● **Task**: Without any of its pictures, the listing below should be output exactly.

● **Data segment**:
%%

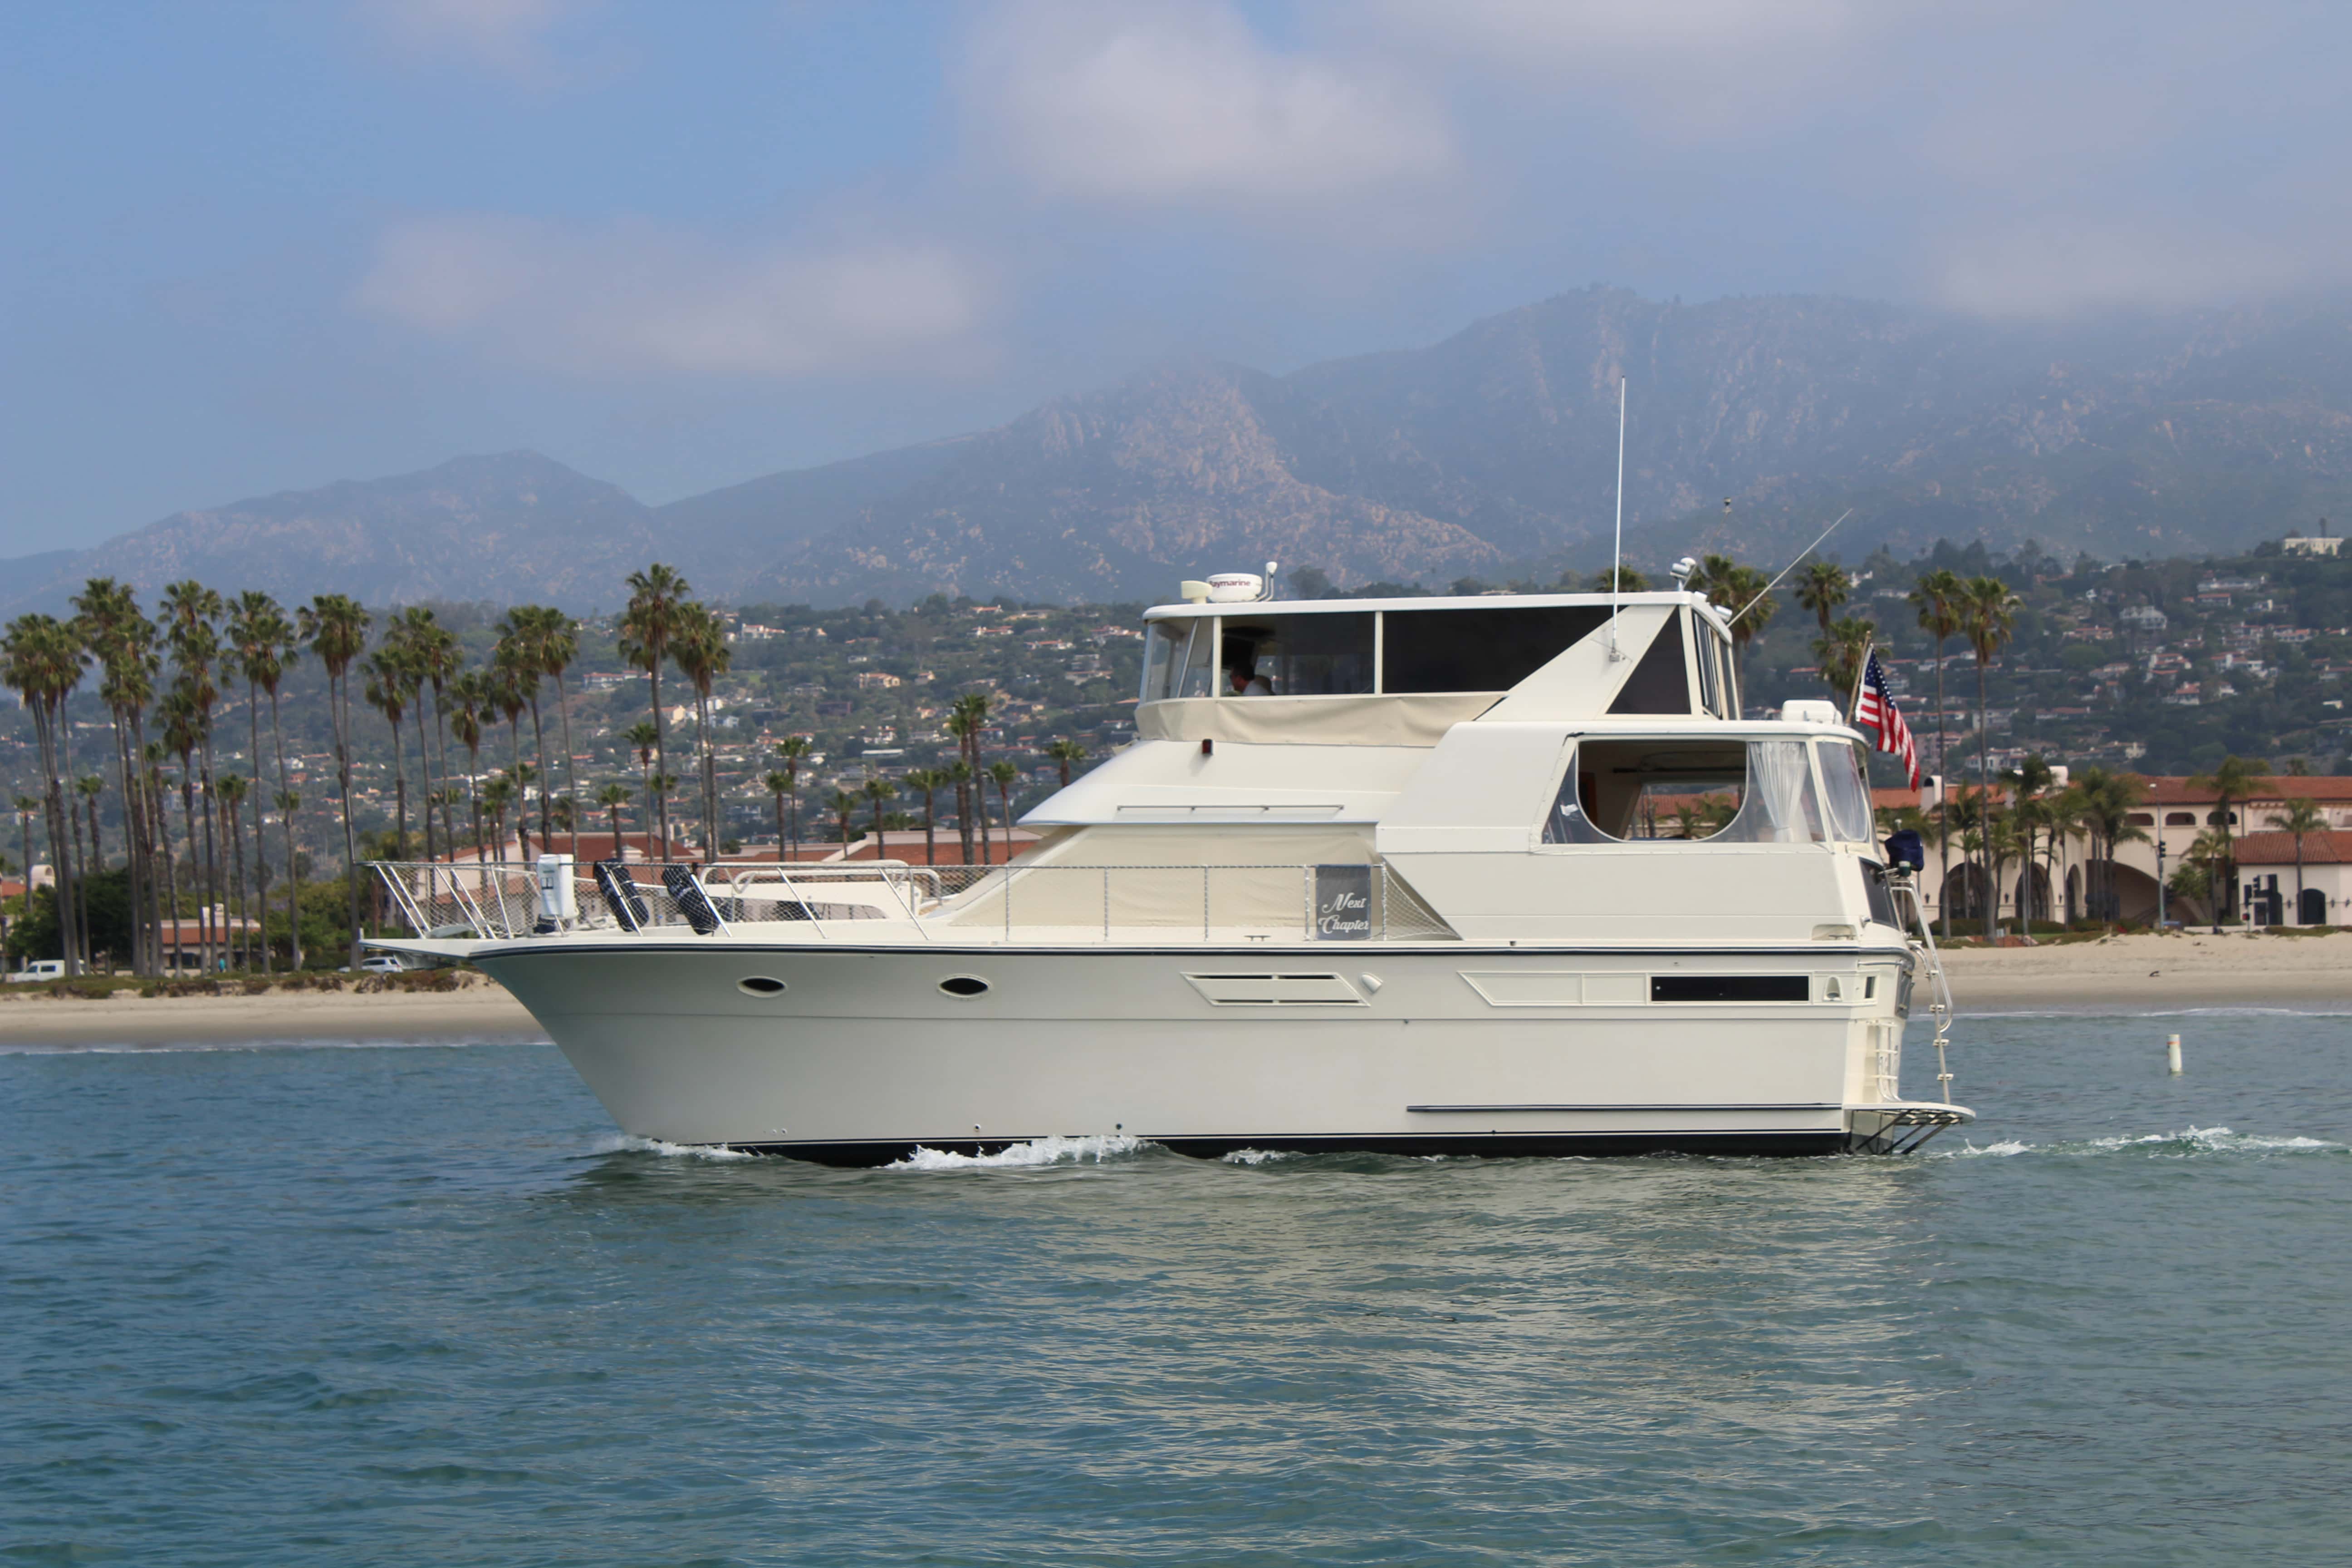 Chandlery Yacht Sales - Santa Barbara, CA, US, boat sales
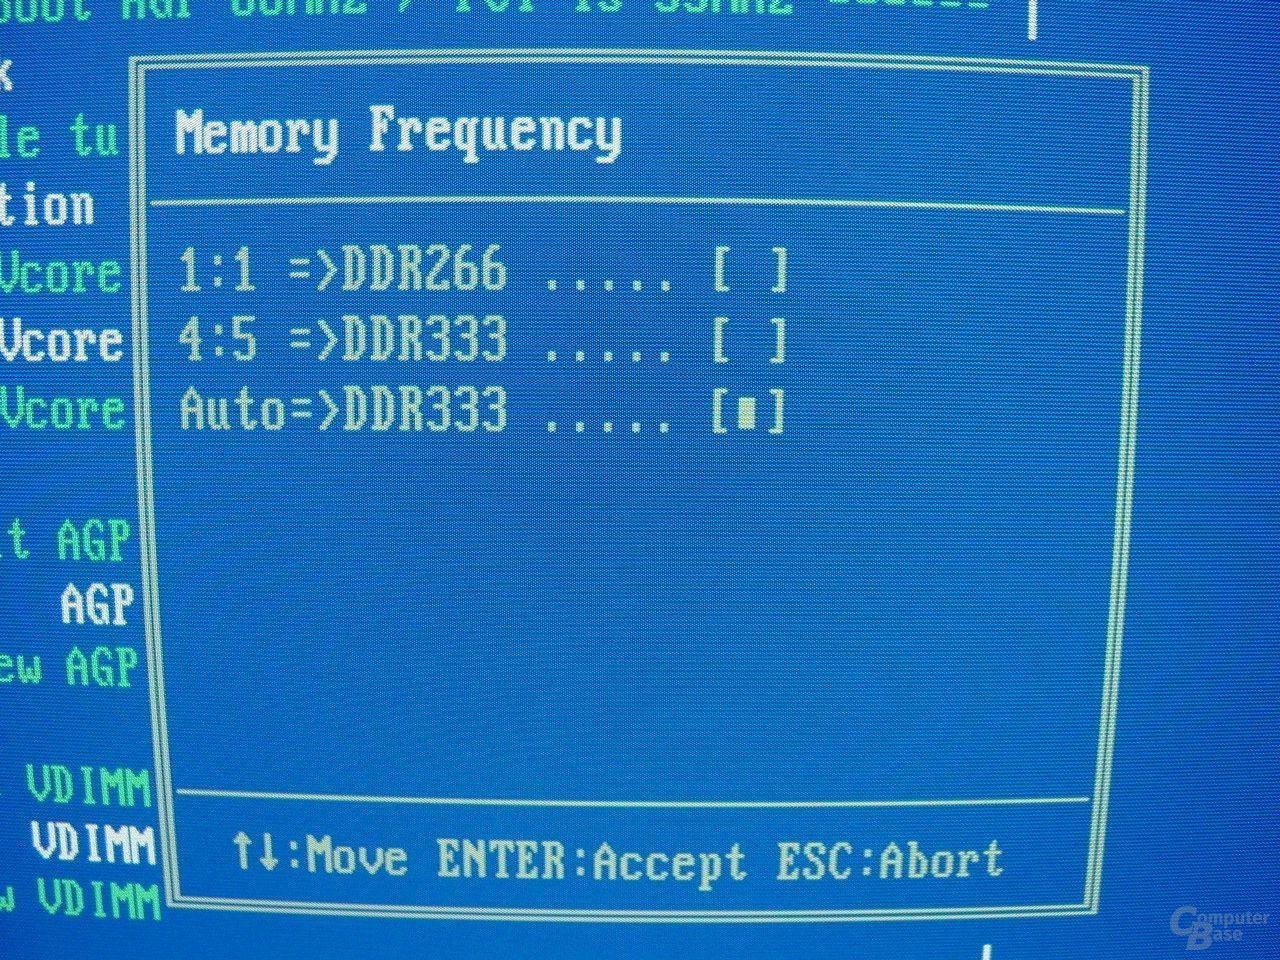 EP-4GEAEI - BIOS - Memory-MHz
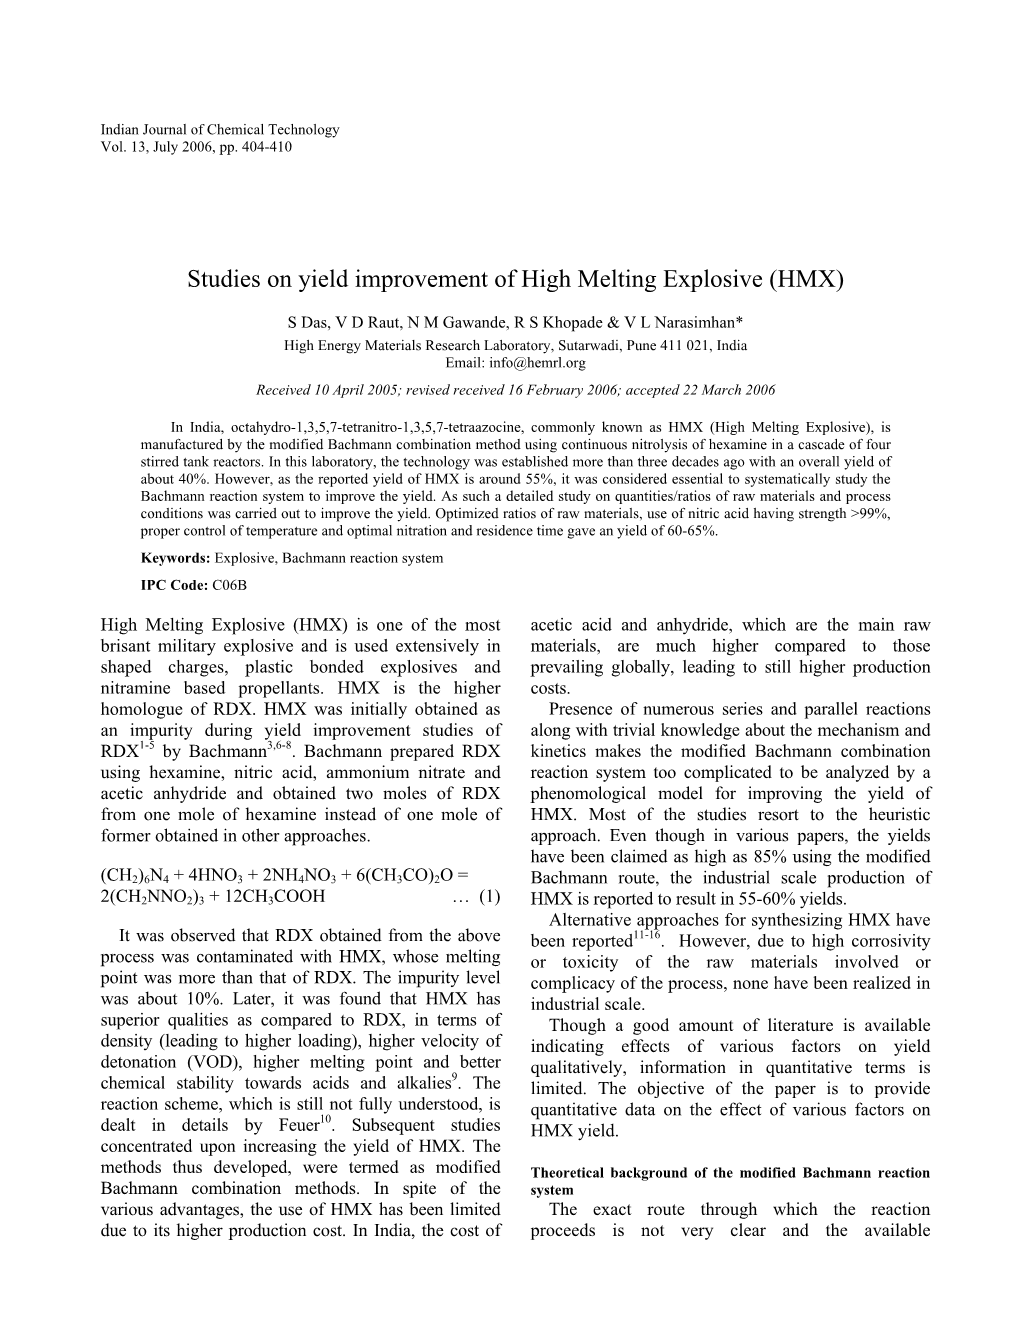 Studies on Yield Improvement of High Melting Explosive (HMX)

%%

● **Answer section**:
 Chandlery Yacht Sales - Santa Barbara, CA, US, boat sales
 EP-4GEAEI - BIOS - Memory-MHz
 Studies on Yield Improvement of High Melting Explosive (HMX)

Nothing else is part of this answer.